Oberlin News Center

Saturday, October 1, 2016

Oberlin News Center

In recent weeks academic freedom has been a much-discussed topic in the wake of calls for an academic boycott of Israeli institutions of higher learning. I believe academic freedom is the cornerstone of higher education. The current debate has highlighted that academic freedom must not only be valued and protected; it must be supported so that all who wish to enjoy academic freedom have the opportunity to do so. I agree completely with this goal. However, the question that remains is whether an academic boycott is an appropriate strategy for achieving this goal. I oppose the boycott, and I agree with the position taken by the American Association of University Professors (AAUP) in its 2005 report On Academic Boycotts, that “Academic boycotts . . . strike directly at the free exchange of ideas even as they are aimed at university administrations.”

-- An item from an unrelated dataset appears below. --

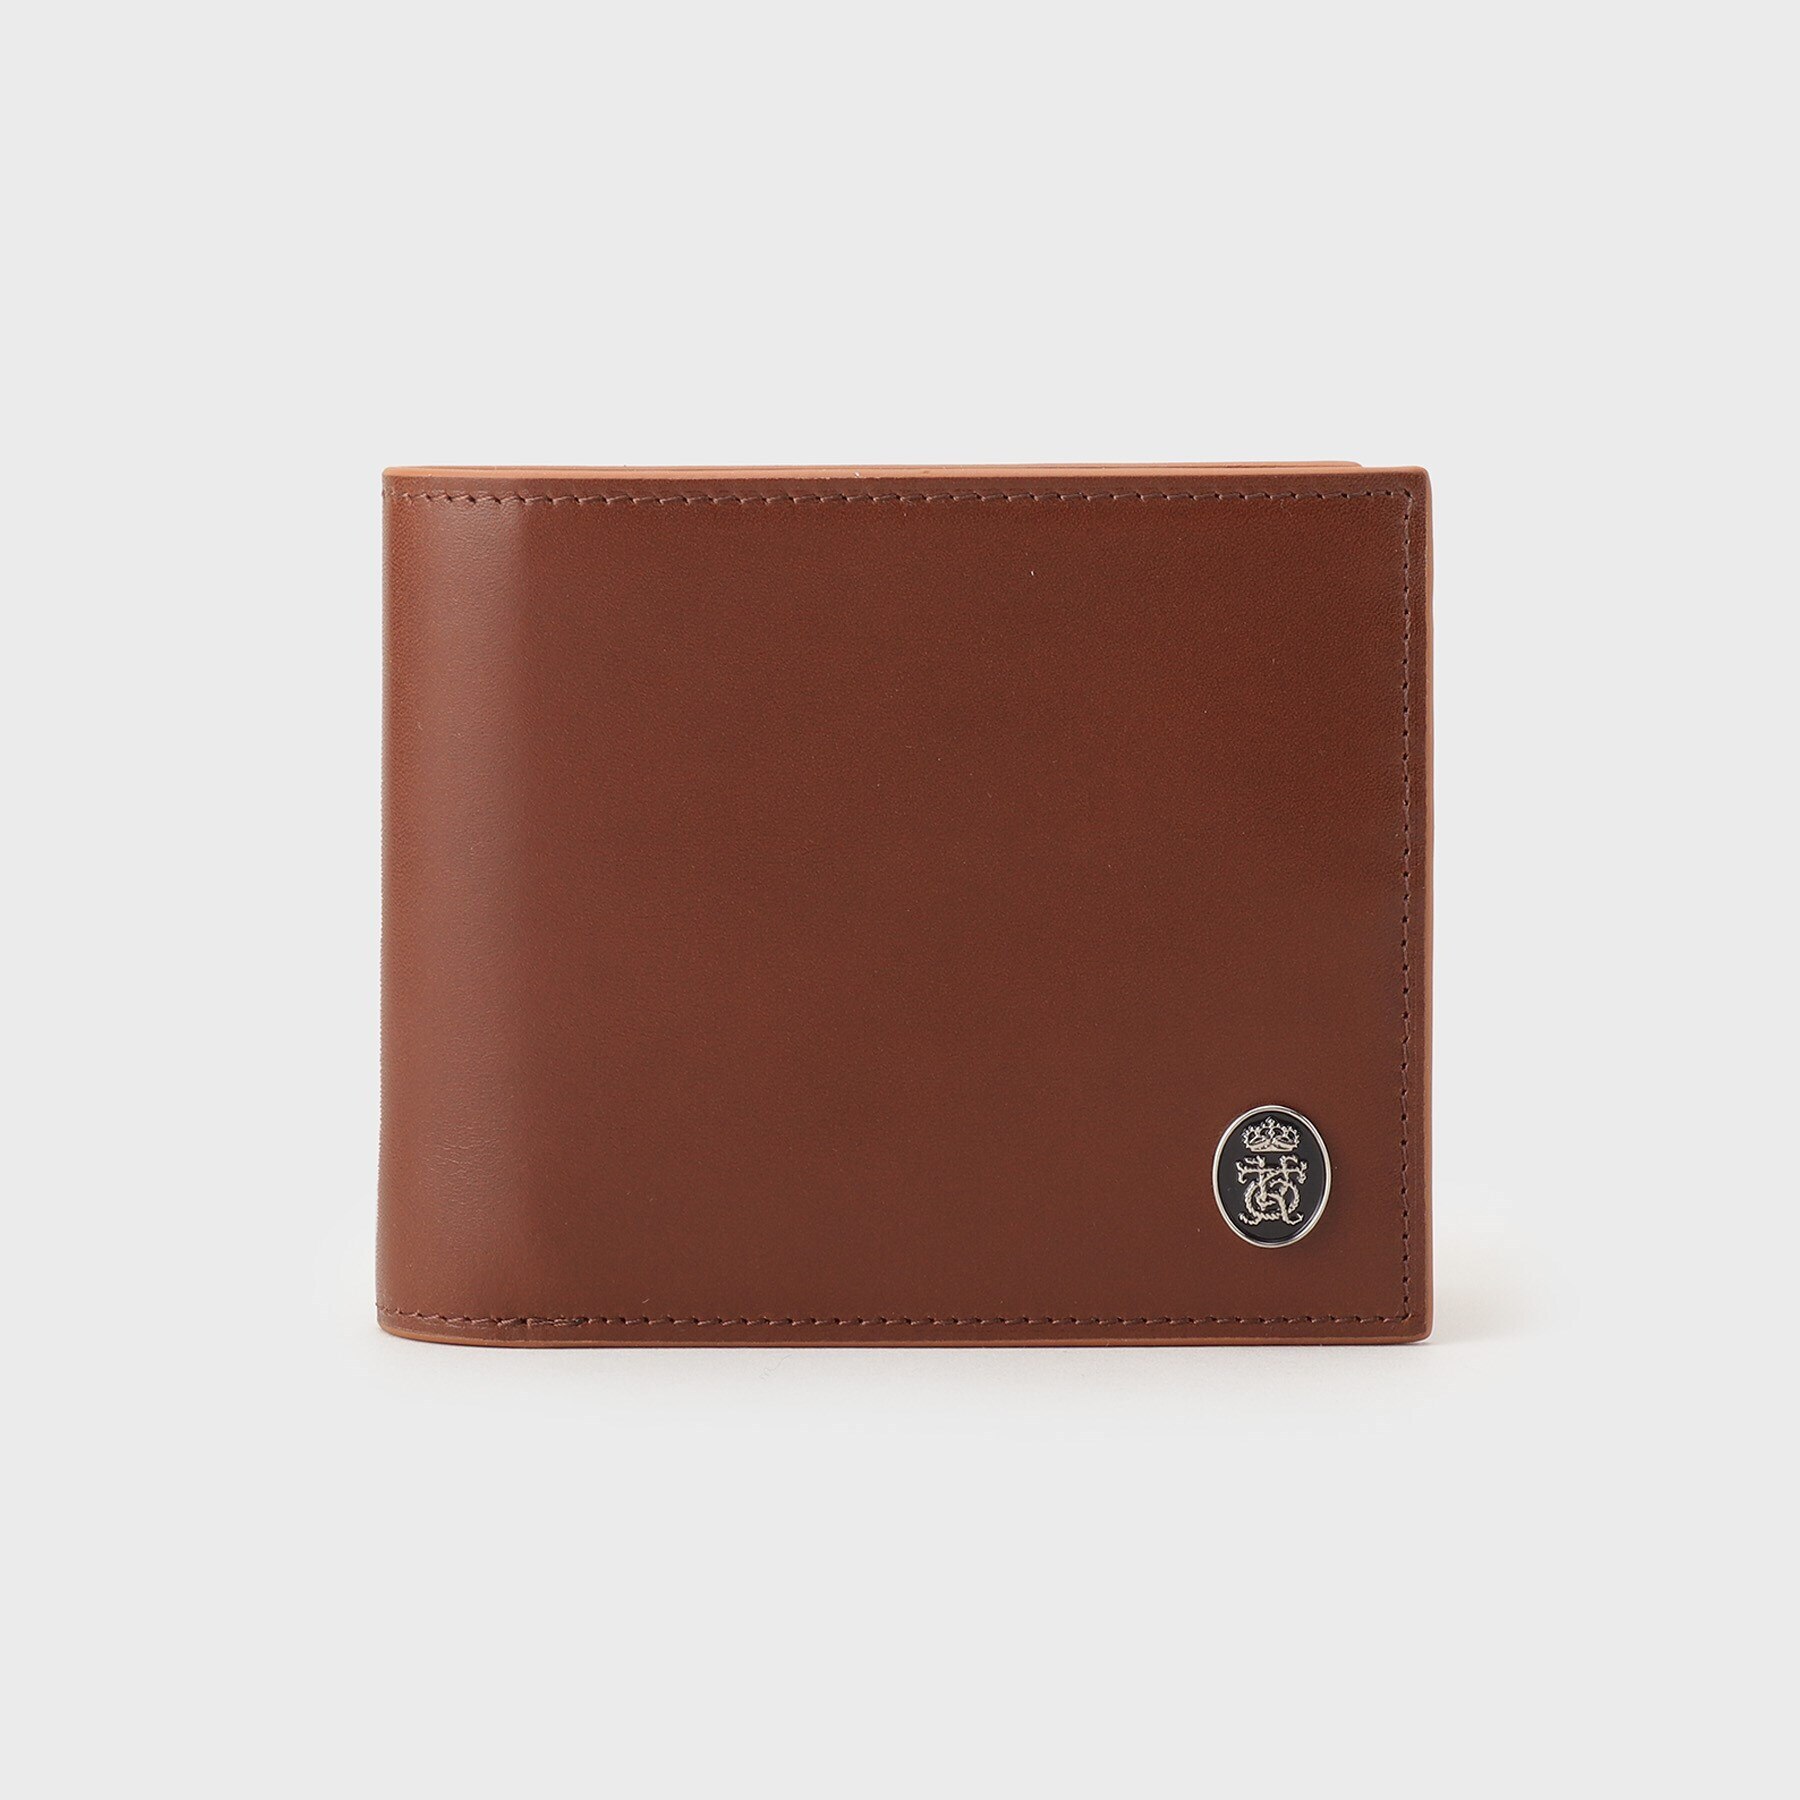 オーバーキップ 2つ折り財布|TAKEO KIKUCHI(タケオキクチ)の通販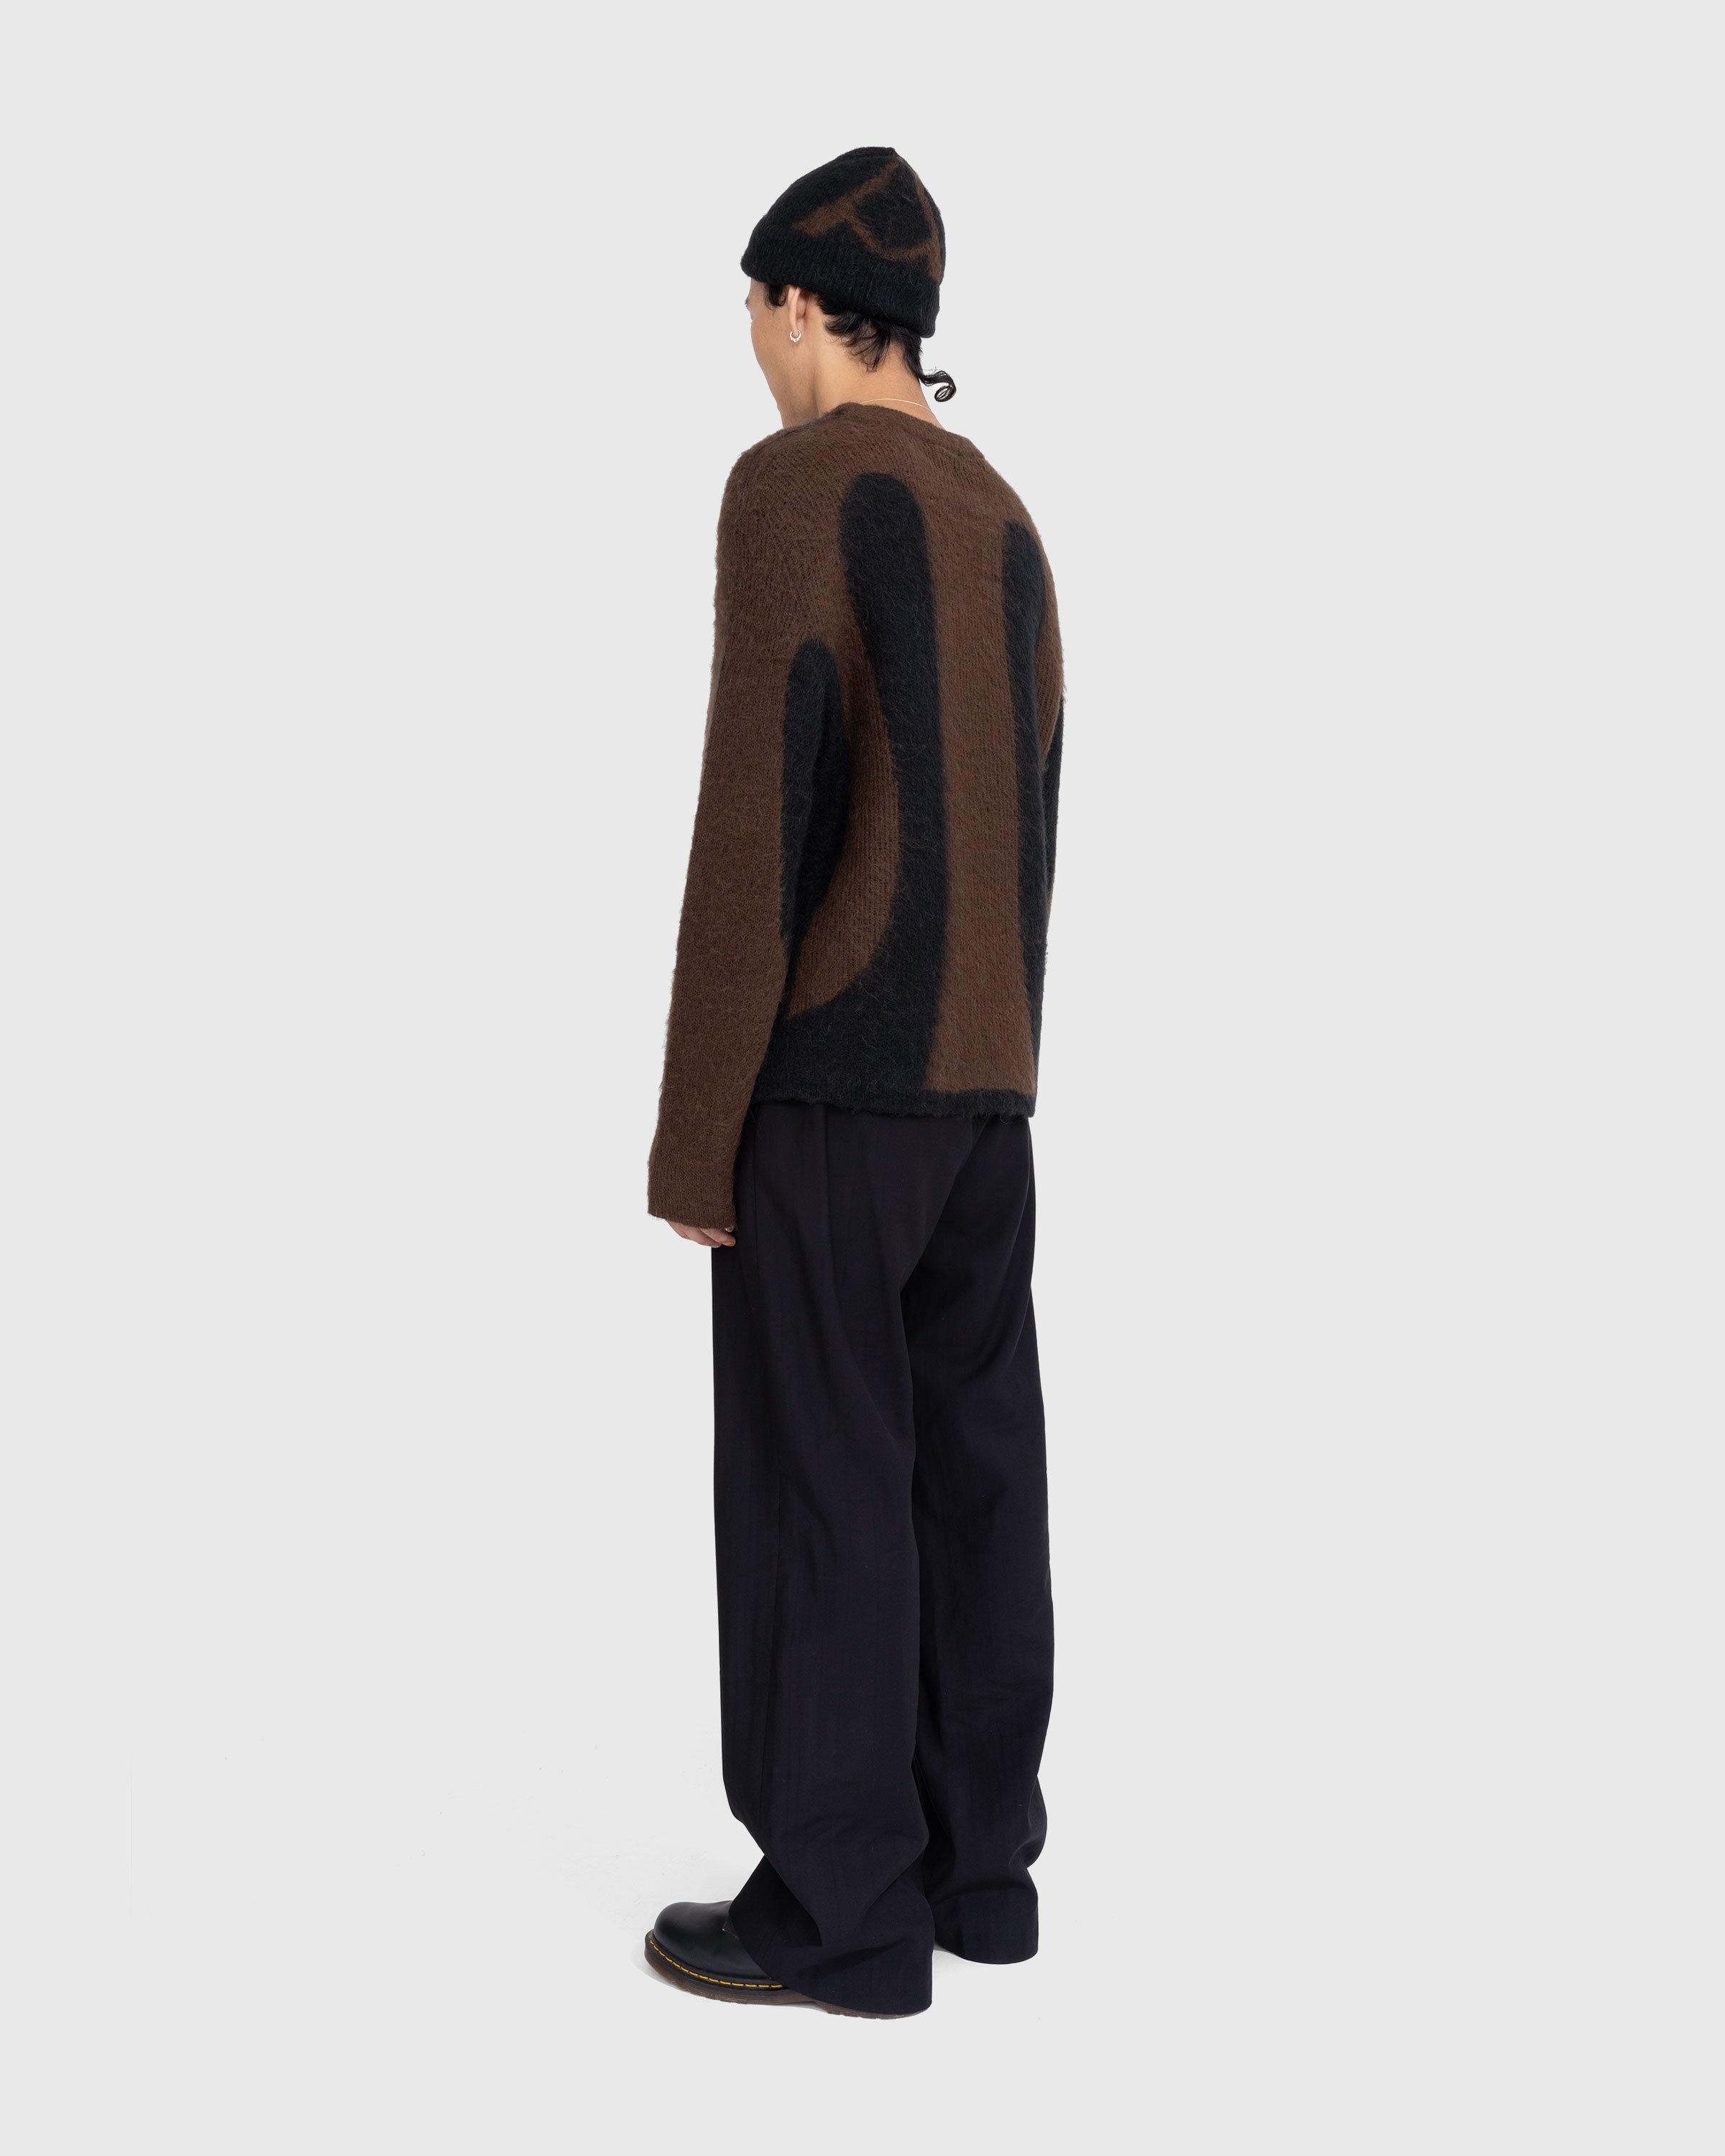 _J.L-A.L_ – Liquid Alpaca Sweater Black - Knitwear - Black - Image 4

I have given this matter a great deal of thought. Much as I recognize that supporters of the academic boycott have engaged this issue with discussion and deliberation, I believe that this or any academic boycott inevitably undermines academic freedom. Even when academic freedom is imperfectly realized it must be protected for it is a fundamental condition that enables students, teachers, researchers and scholars to pursue ideas and inquiries beyond the confines of academic departments or disciplines, politics, national boundaries or social strictures.

Oberlin’s belief in academic freedom and the transformative power of higher education led to creation of the American Democratic Culture Project. This innovative program, which ran from 2009 to 2012, was based on parallel partnerships between Oberlin College, Al-Quds University, and Tel Aviv University. It brought students and faculty from those institutions together on our campus and in Washington D.C. during the summer months to study American democracy.

Constructive efforts such as the American Democratic Culture Project exemplify Oberlin’s commitment to higher education as a means to social change, but they require the kind of institutional cooperation that the academic boycott would not permit.

While my commitment to academic freedom causes me to oppose academic boycotts, it also allows me to respect those among us who may hold other views. For that reason, Oberlin is not joining those who have called for institutional bans on the American Studies Association.

I take pride in Oberlin College’s history of inclusion, diversity, and stalwart support for academic freedom, and believe that academic boycotts violate the spirit and substance of academic freedom.